FORT FRANCES, ON: Reflections on the end of WWII

CPTnet
22 August 2007
FORT FRANCES, ON: Reflections on the end of WWII

[Note: The following is an adaptation of a reflection, "The Cloud and the
Silence," written by CPT Director Emeritus, Gene Stoltzfus. The original is
available at http://www.gstoltzfus.blogspot.com/]

I was five years old on August 15, 1945 when the Japanese surrendered and
World War II ended. The news came to our farmhouse in Northeastern Ohio in
mid-afternoon by telephone or radio. As soon as my mother heard, she told
me to go to the barn and tell Dad because he would be very happy.

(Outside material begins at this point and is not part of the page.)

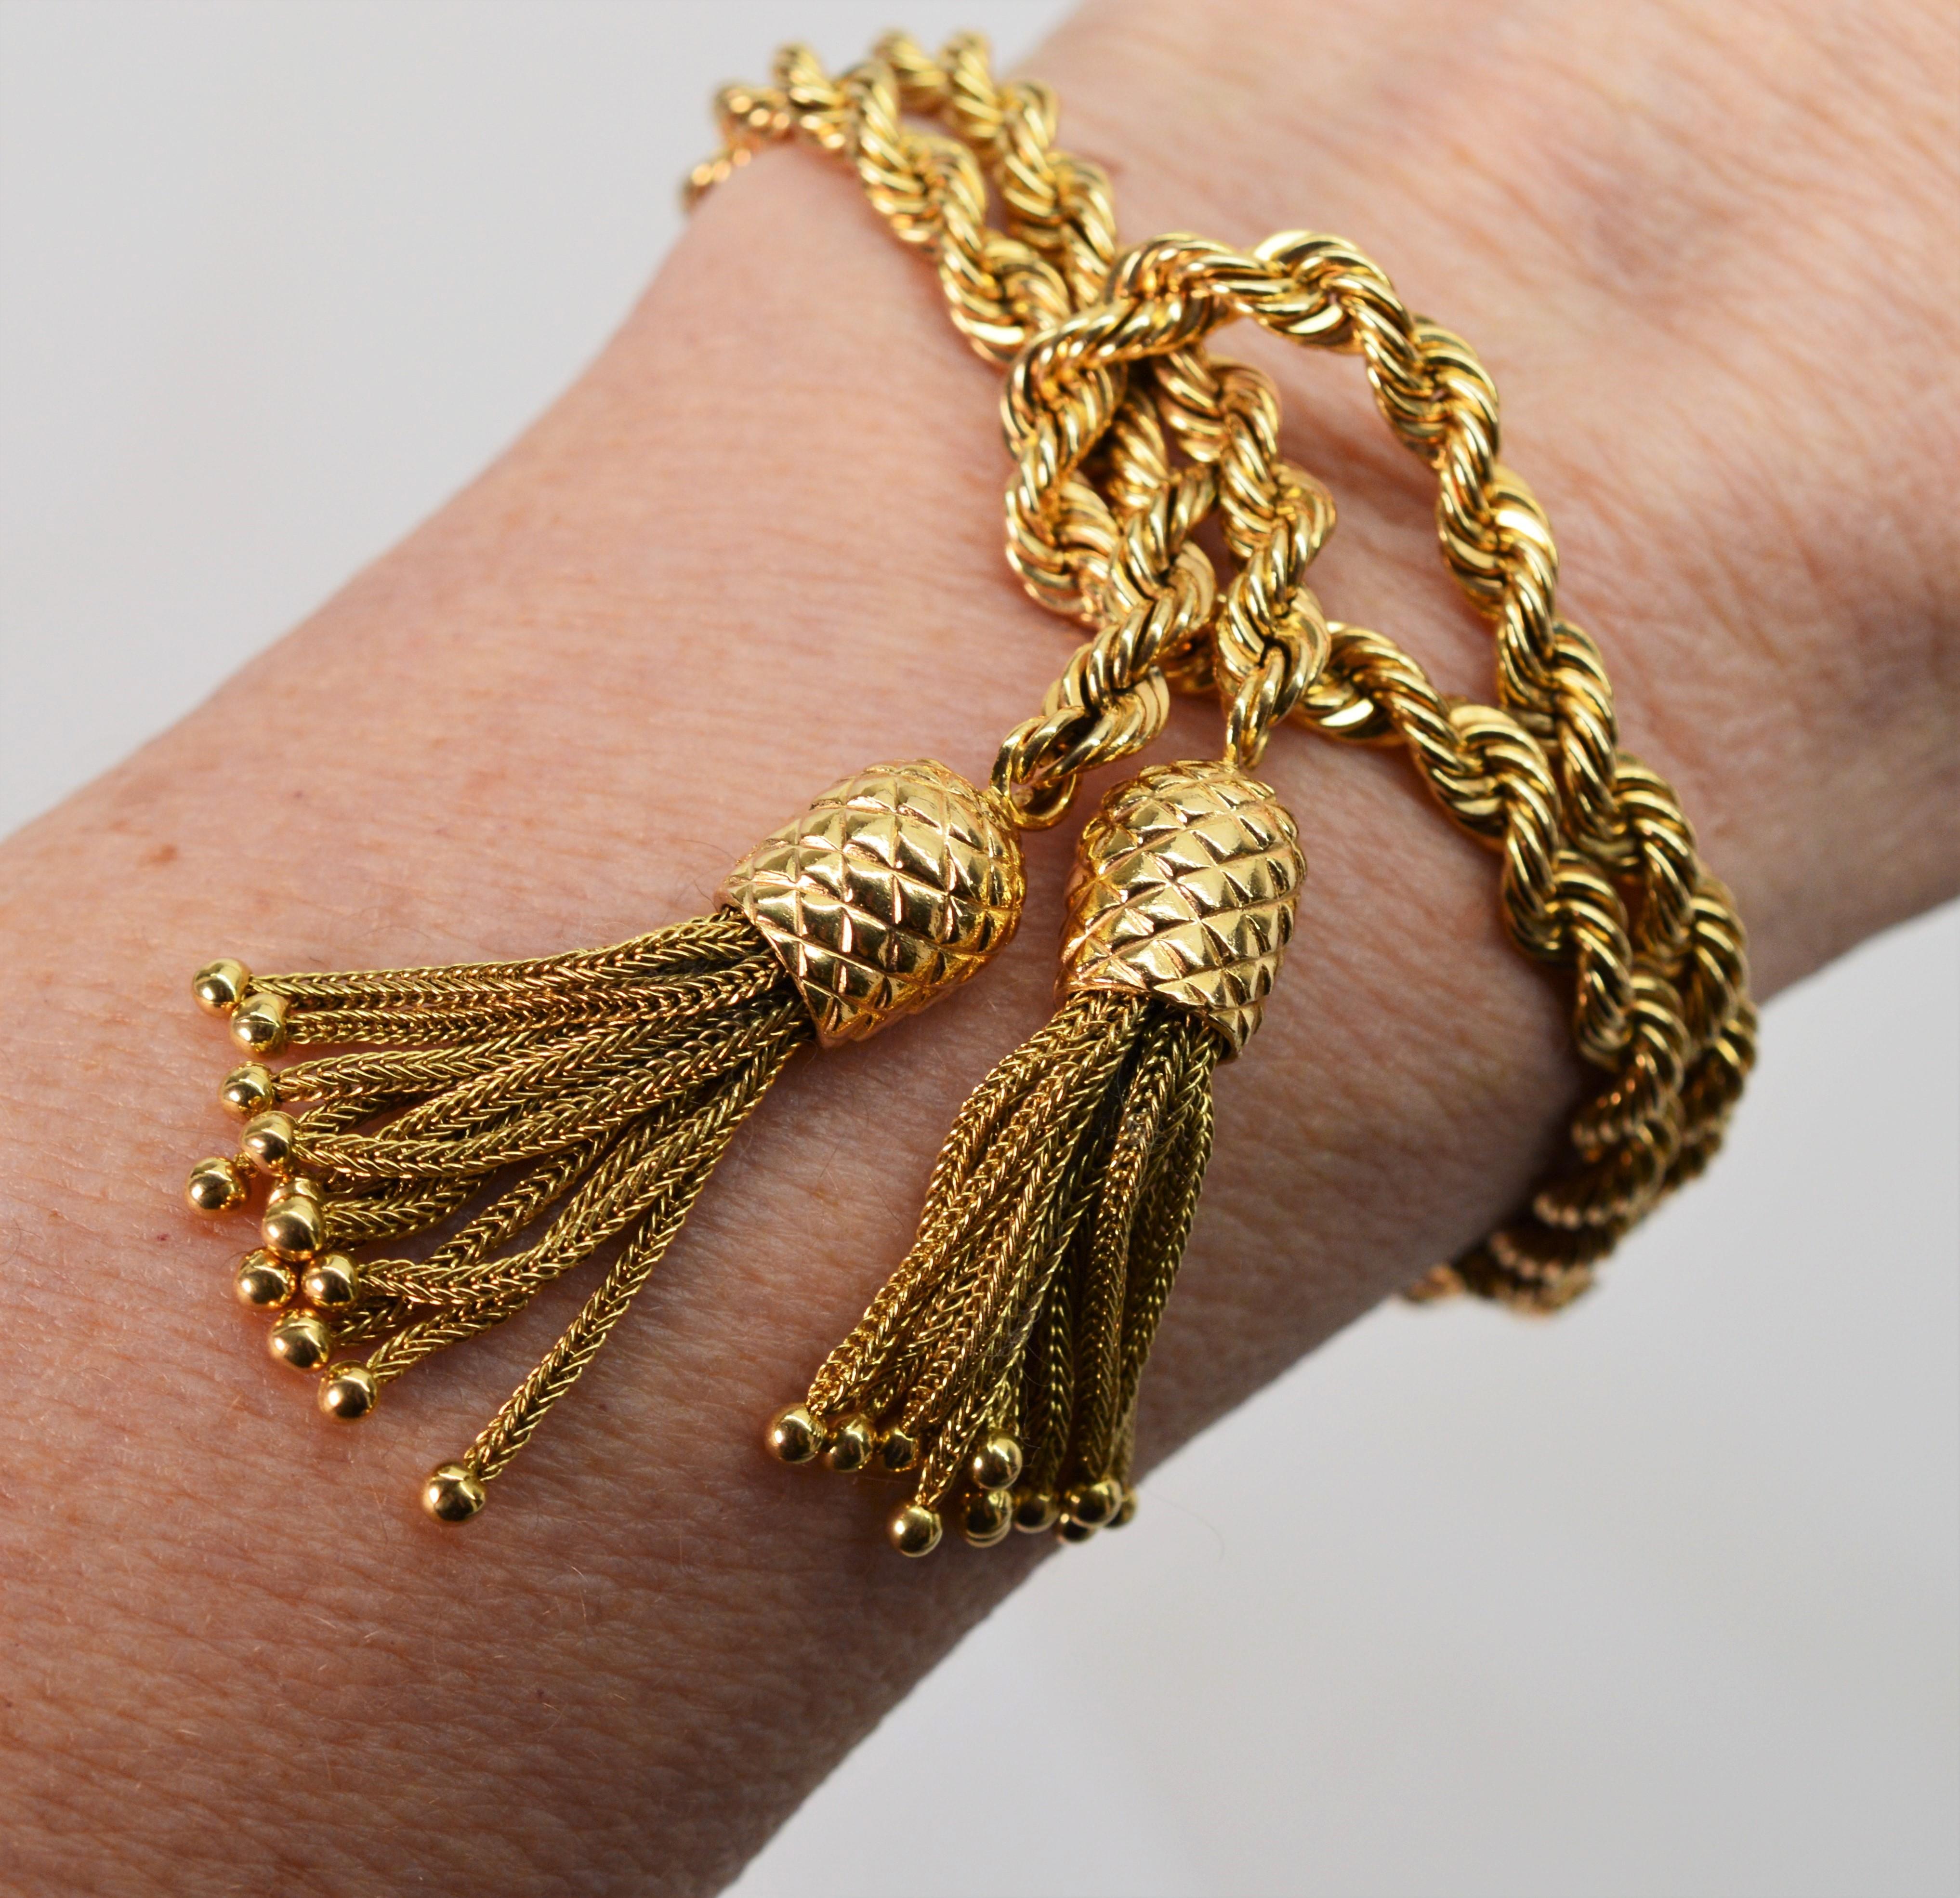 Women's Double Rope Chain 14 Karat Yellow Gold Bracelet with Pineapple Charm Tassels

I ran to the barn full of energy because I was the bearer of good news. I
found Dad and said, "Mom said I should tell you that it has been announced
that the war is over." I remember the joy that came over my Father's face
and his first words: "Oh, I am so glad." In the distance, we could hear
explosions and Dad said, "I think that is the sound of celebrations." I
asked him what a celebration was. He said, "People are happy that the war
is over." I asked him who won the war. Dad said, "I think nobody won the
war." I was confused. The noise of explosions or firecrackers continued in
the distance.

The end of the war meant the end of a difficult era in which my Father gave
leadership and encouragement to those in our church who had refused to enter
military service. These efforts did not always bring respect from some of
our townspeople who saw the war as a just struggle against enemies and
tyranny.

A year later, when I was a first grader at the Aurora Elementary School, the
effects of that pacifist position came home to me in the school bathroom.
Two very big high school boys cornered me into a toilet stall and began
yelling at me that I was a yellow belly, a term I didn't understand although
I did check my belly to see if it was a different color from other people's
bellies. They yelled and swore at me that my people did not go to war and
shouted other insults. The power differential between us was overwhelming
and I responded with impeccable silence in what must have been my first
public expression of passive resistance. Finally, they left with the
warning that I would be beat up. I stayed in the toilet stall until I could
stop crying uncontrollably, whereupon I crept very quietly back to my
classroom and didn't tell anyone about the incident until I got home that
night.

Now fast forward to August 5, 2007 when I joined a group in Duluth who set
out on a walking vigil to remember Hiroshima. As we walked along the Lake
Superior bicycle path, some people greeted us with warm smiles. Others had
blank looks. One very large white man passed us and said with a booming
voice, "You people will never get it will you." For some reason his words
took my mind back to that day long ago in the toilet stall where I was
driven against my child's will into the defense of silence.